Bidirectional Activity in the Brain

In most current deep learning architectures, activity is propagated in a single direction, for example, an image might be given as input to a network and then propagated from layer to layer until you get to a classification as the output.

Figure 1: A simplified diagram showing some of the feed-forward and feedback connections in the Macaque brain. The earlier (or lower-level) areas are whiter, while the later (or higher-level) areas are bluer. Image by Author.

The brain is much more interesting than these feedforward models. In the visual system, a stimulus will initially propagate from lower- to higher-level visual areas in a feedforward fashion, then the higher-level areas will exert influence over the lower-level areas as depicted in Figure 1.

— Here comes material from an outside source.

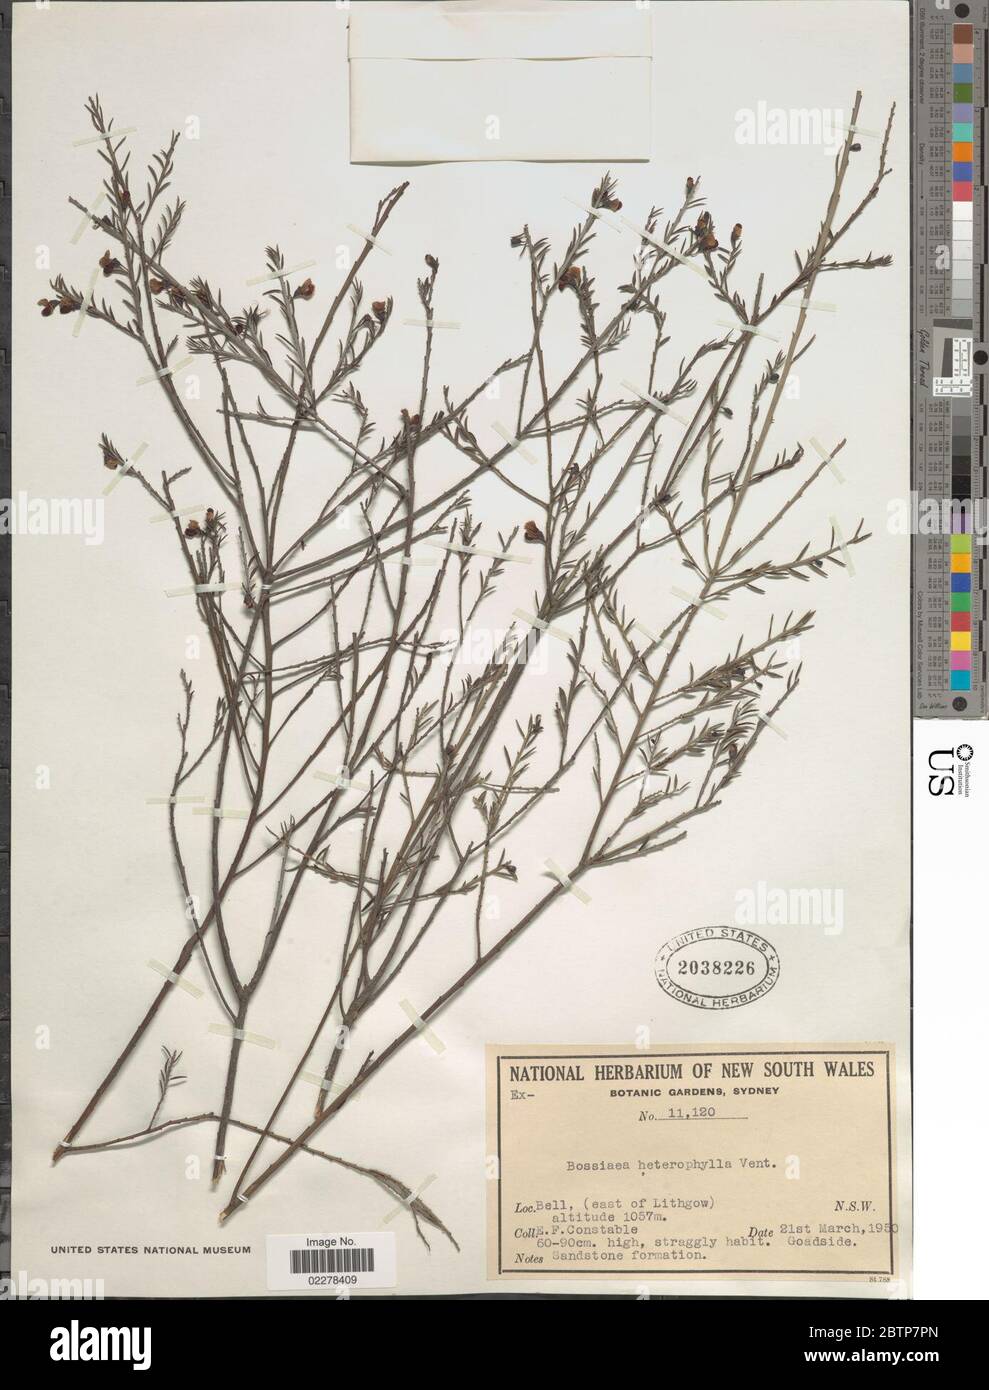 Bossiaea heterophylla Vent. Stock Photo

Some of this feedback is the conscious top-down attention that allows us to allocate more resources to objects and features of interest and disambiguate stimuli that are either complex or ambiguous. Another part of this feedback is automatic and allows higher-level areas to infuse the lower-level areas with information that would not be known in just the feedforward manner.

Conscious top-down attention is thought to support consciousness of visual stimuli. Without conscious access to lower-level areas that encode borders and edges, we wouldn’t have as spatially precise a perception of borders. Tasks like mentally tracing a curve or solving a maze would be impossible.

One example of automatic unconscious feedback is border-ownership coding which is seen in about half of the orientation-selective neurons in visual area V2 (Zhou et al. 2000, Williford and von der Heydt 2013). These neurons will encode local information in about 40 ms and, as early as 10 ms after this initial response, will incorporate global context to resolve occlusions — holding the information about which objects are creating borders by occluding their backgrounds.

Another example of this unconscious feedback was shown by Poort et al. (2012) using images like that in Figure 2. In the Macaque early visual cortex V1, neurons will tend to initially (within 50–75 ms of stimulus presentation) encode only the local features within their receptive fields (e.g., green square). However, after around 75 ms, they will receive feedback from the higher-level areas and tend to have a higher response when that texture belongs to a figure, such as this texture-defined figure above. This happens even when attention is drawn away from the figure, however, if the monkey is paying attention to the figure the neurons will on average respond even more.

Figure 2: Shapes defined only by texture, like the above, can be difficult to see in a pure “feed-forward” manner. The interaction between lower- and higher-level areas enables us to perceive such difficult shapes (Poort et 2012). Image by Author.

One way to look at this bidirectional interaction is that each neuron greedily uses all available predictive signals constantly. Even higher-level areas can be predictive, especially when visual borders do not correspond to significant first-order contrast edges.

Transformers

With all the talk about attention with the introduction of transformers (Vaswani et al. 2017) and with the ability to generate sentences one word at a time, you might be led to believe that transformers are recurrent. However, there are no internal states kept between the steps of the transformer, only the previous output is provided as input. So, the recurrence is limited and does not have the bidirectionality that is ubiquitous in the brain. Transformers do have multi-headed attention, which is like being able to attend to a fixed number of things simultaneously (8 in the original paper). Hence, image transformers can be seen as analogous to pre-attentive feedforward processing with some modifications.

CLIP

Figure 3: CLIP trains an image and text encoder using image caption pairs. I₁ and T₁ are the encodings of image 1 and the corresponding caption. A contrastive learning loss is used to make the Iᵢ and Tj more similar when i=j and more dissimilar when ij. Weights are trained from scratch. Figure reproduced with permission from Radford et al. (2021).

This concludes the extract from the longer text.